AGI - Contro ogni regola basilare, non scritta ma collaudatissima. Uno scivolone che legittima l'uso smodato dell'insulto più paralizzante o, all'occorrenza, dell'espressione che può tagliare ogni discorso polemico: ok, boomer!
Che rivolto a qualcuno che possiede giornali, tv, e addirittura si è costruito una piattaforma social personale per dire la verità, nient'altro-che-la-verità-lo-giuro, suona alquanto eccentrico. Ma la regola è una, e una soltanto: non dire gatto! Anche se hai un sacco sconfinato.
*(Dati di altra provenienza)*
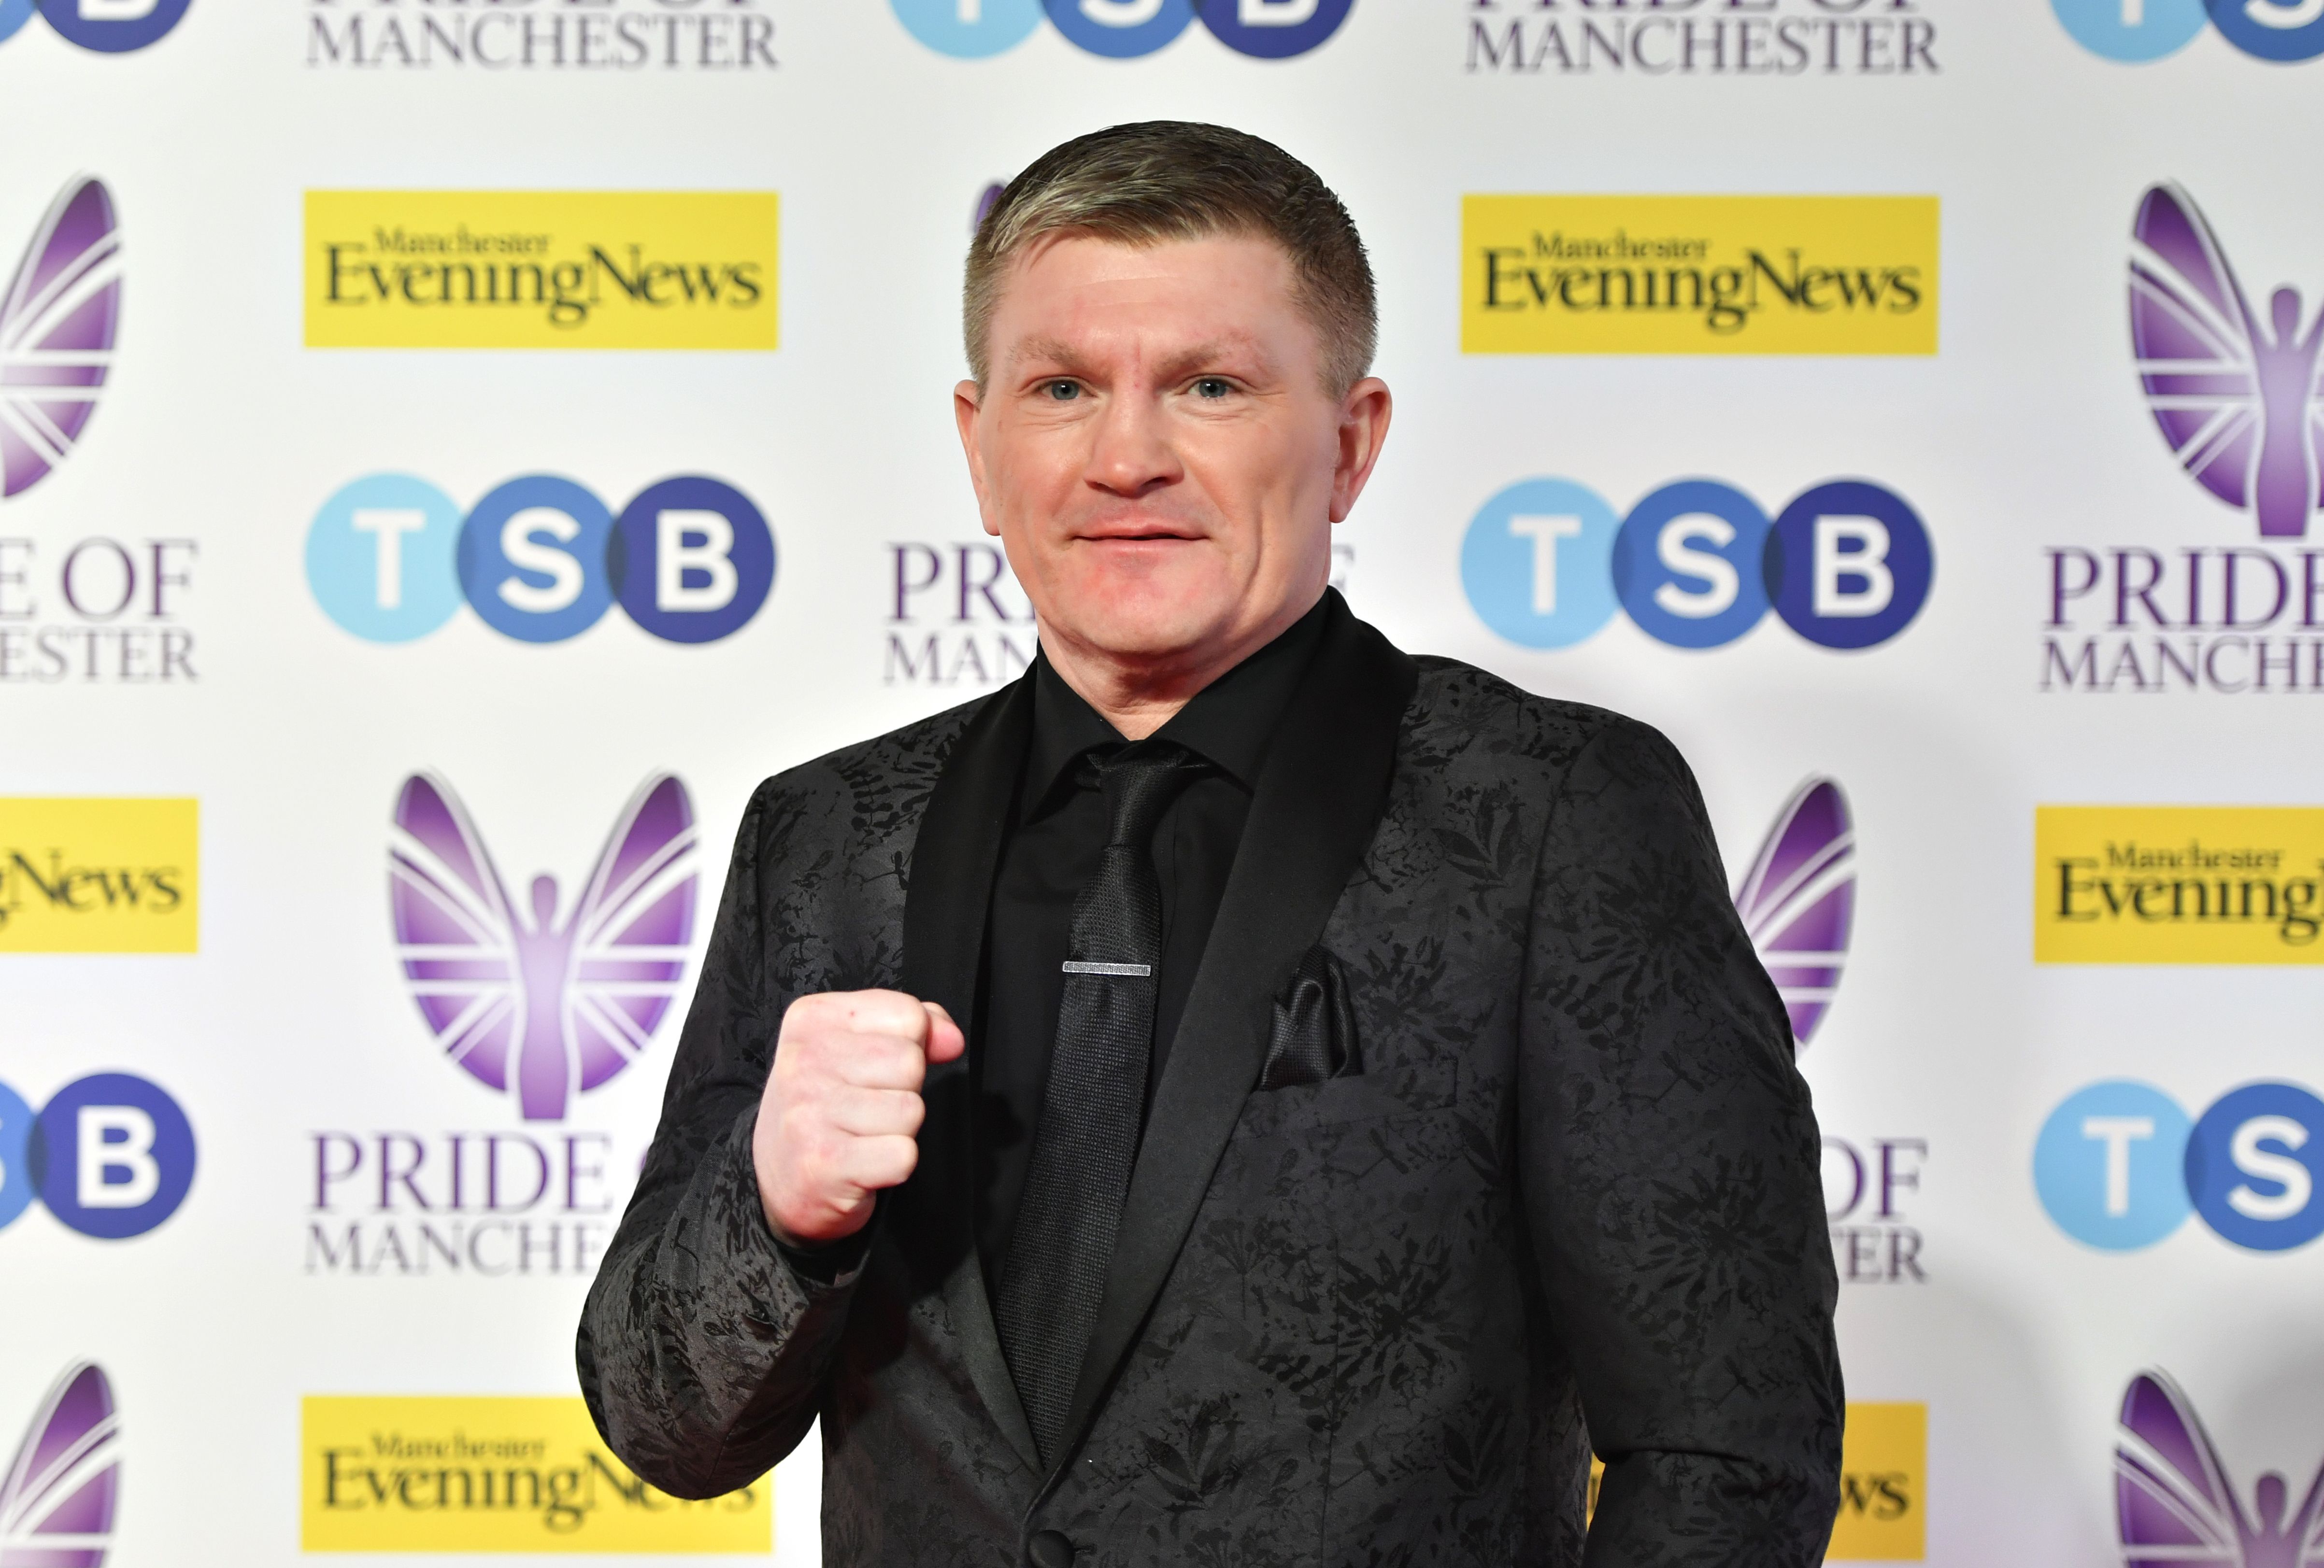 Ricky Hatton poses for a photo at an event

I dibattiti tv, ridotti ormai a pretesti per i second screen social, dovrebbero avere un regolamento inciso sulla pietra, per chi supera la sessantina e non ha i riflessi pronti quanto quelli della generazione Z.
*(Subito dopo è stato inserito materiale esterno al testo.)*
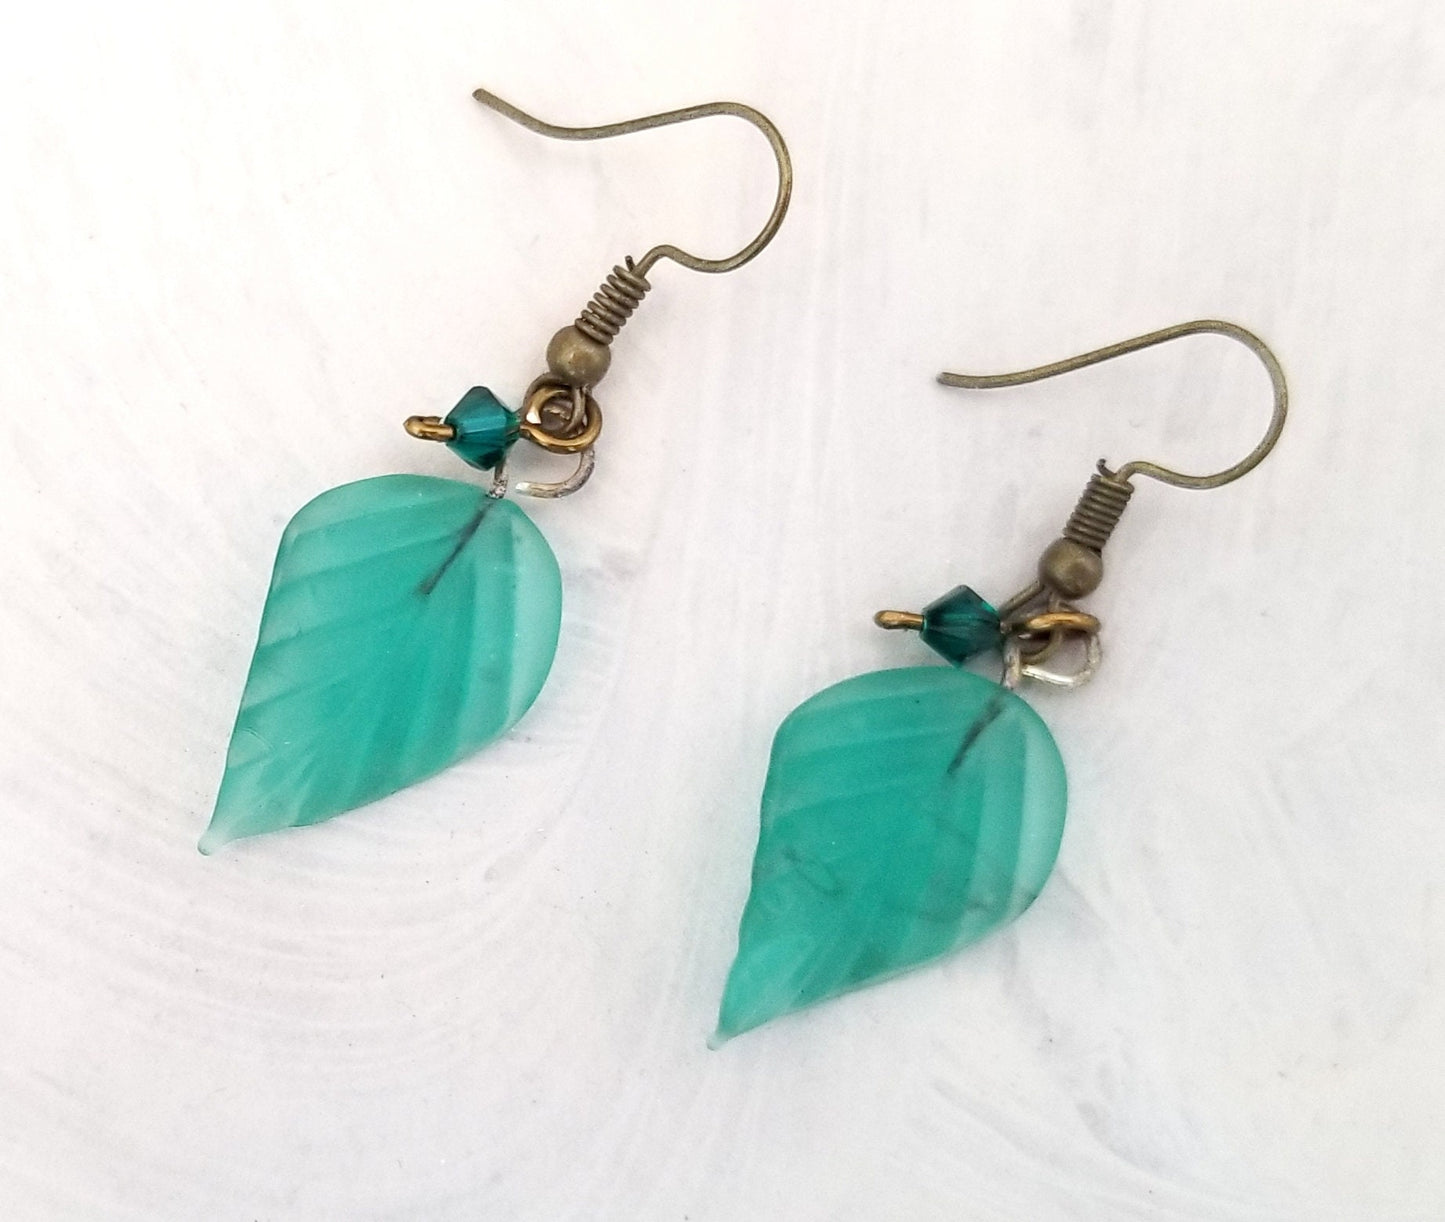 Long Glass Leaf Earrings in Frosted Aqua Sea Blue Green, Wedding, Bridesmaid, Art Nouveau, Renaissance, Forest, Choice of Closure Types

Cat, tre lettere per sprofondare nei consensi del popolo web e dare la stura a una pop star, influencer da oltre 280 milioni di follower, come Taylor Swift, di scrollare la gallery dello smartphone, trovare la foto più 'gattosa' e tramortire un miliardario che si era messo in testa di fare il presidente degli Stati Uniti, e lo ha fatto.
Tre scivoloni con un gatto solo: sugli immigrati che li mangiano, sulle donne che li preferiscono ai figli, sui gattari social che qualunque cosa si dica sui felini, che non sia corredata da cuoricini e grattini in gif, sono pronti a scatenare la guerra termonucleare. The Donald voleva colpire Kamala Harris, ma ha mirato al gatto sbagliato.
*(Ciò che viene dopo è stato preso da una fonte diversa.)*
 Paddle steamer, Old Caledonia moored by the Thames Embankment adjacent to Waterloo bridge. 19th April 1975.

Sarebbe bastato pescare in quel fantomatico pantheon che il tycoon attribuisce alla sua avversaria, per trovare l'immagine di un 'gattocomunista' come Lenin, e attirare nel bacino repubblicano qualunque americano medio cresciuto all'ombra della guerra fredda.
Taylor Swift spazza via in un post il sogno proibito di Trump che con un po' di intelligenza artificiale la spaccia per sua sponsor. Con un micione solo tocca tutti i temi della campagna Harris e spinge anche il vice Walz, mentre il felino con sguardo infido ribadisce il concetto cardine, intorno al quale ruotano milioni di like: non dire gatto.